Formation of Rydberg Crystals Induced by Quantum Melting in One-Dimension

TL;DR

This paper demonstrates how quantum fluctuations induce the formation of Rydberg crystals in a one-dimensional system, revealing a novel order-by-disorder transition driven by combined local and non-local quantum effects.

Contribution

It provides the first theoretical exploration of quantum order-by-disorder in one-dimensional Rydberg systems with combined local and dipolar fluctuations.

Findings

Quantum fluctuations induce Rydberg crystal formation.

Transition from disordered to ordered phases driven by combined fluctuations.

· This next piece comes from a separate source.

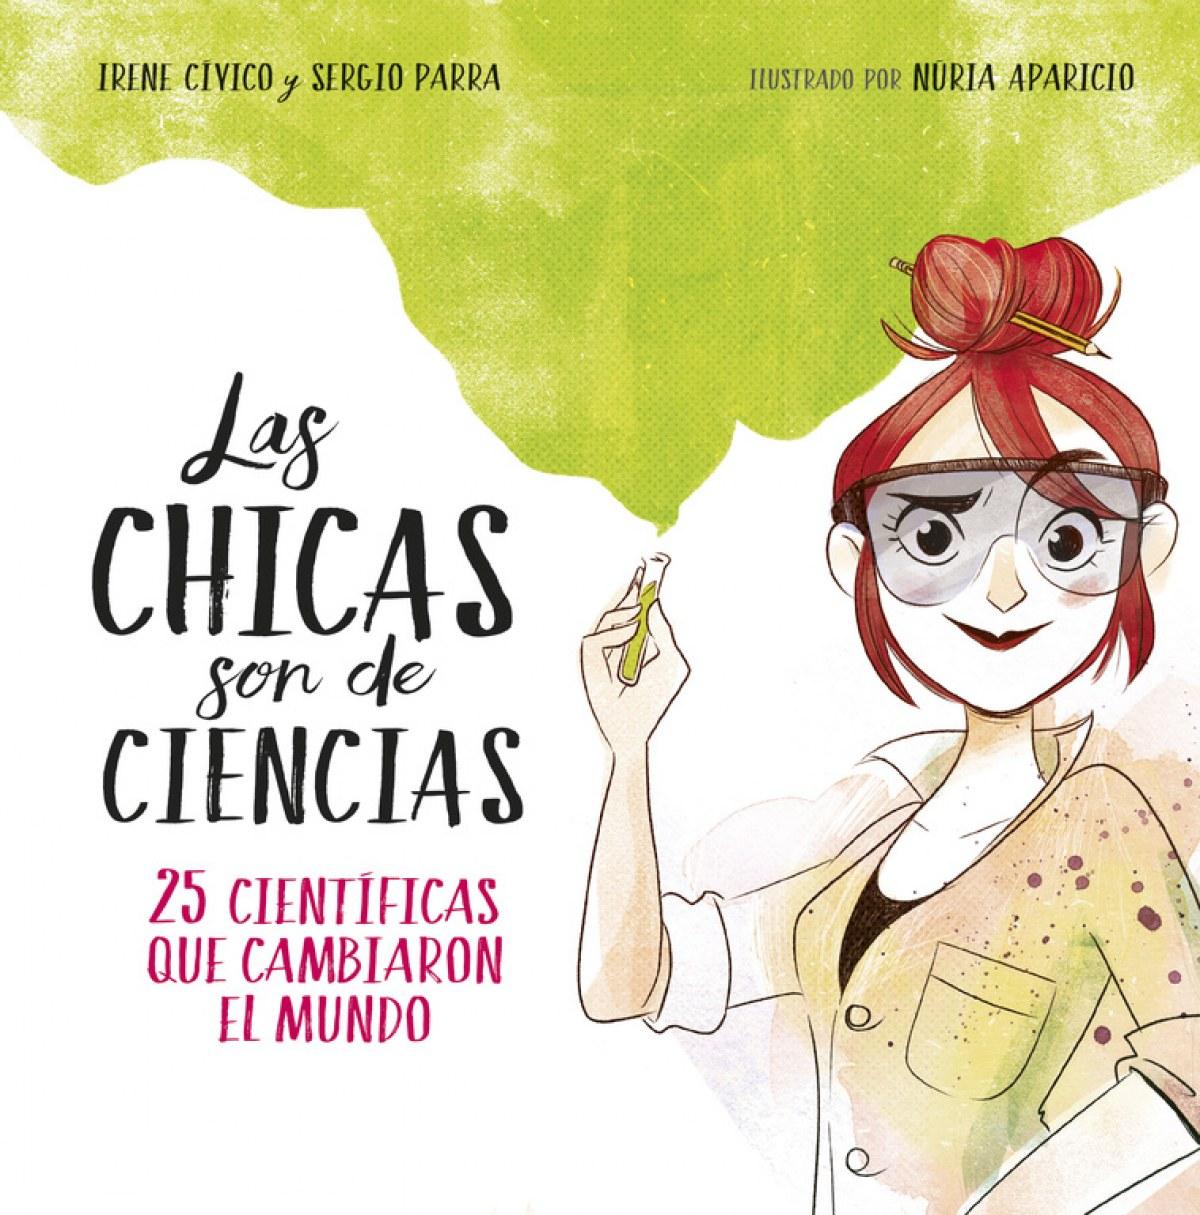 LAS CHICAS SON DE CIENCIAS 9788490438824
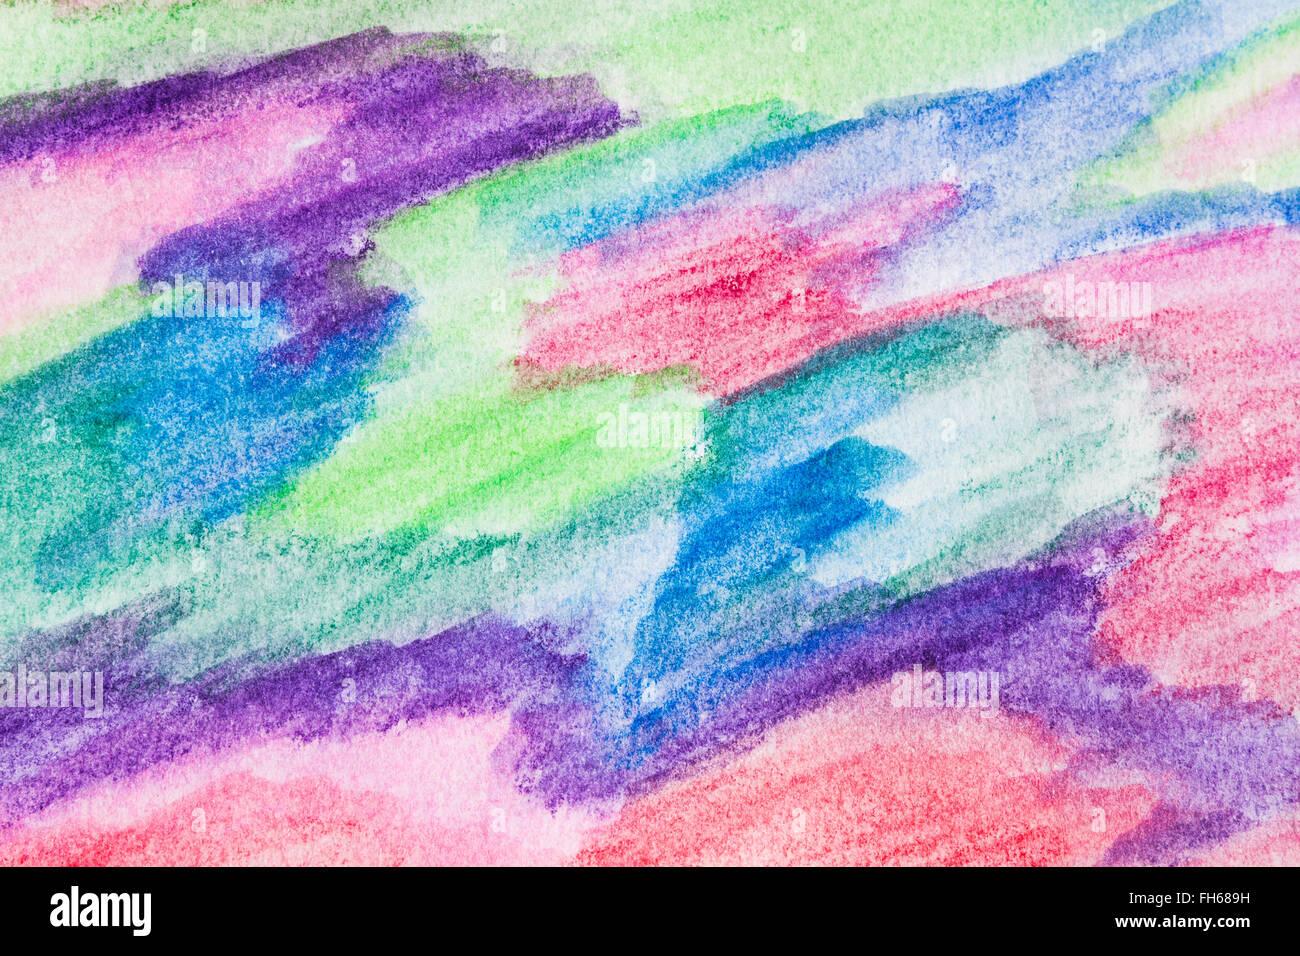 Dibujo Abstracto Pintado Con Crayones De Acuarela Textura Para Que

Theoretical framework for order-by-disorder in 1D systems.

Abstract

Quantum fluctuations in frustrated systems can lead to the emergence of complex many-body phases. However, the role of quantum fluctuations in frustration-free lattices is less explored and could provide an interesting avenue for exploring new physics, and perhaps easier to realize compared to frustrated lattice systems. Using Rydberg atoms with tunable interactions as a platform, we leverage strong van der Waals interactions and obtain a constrained model in one dimension with non-local fluctuations given by dipolar interactions alongside local fluctuations. The combined effect of such processes leads to intrinsically quantum-ordered Rydberg crystals through the order-by-disorder mechanism. Finite-size analyses indicate that combined fluctuations drive the transition from disordered to ordered phases, contrary to the expected direction. We provide a theoretical description to understand the physics of order-by-disorder in one-dimensional systems, which are typically seen only in higher dimensions.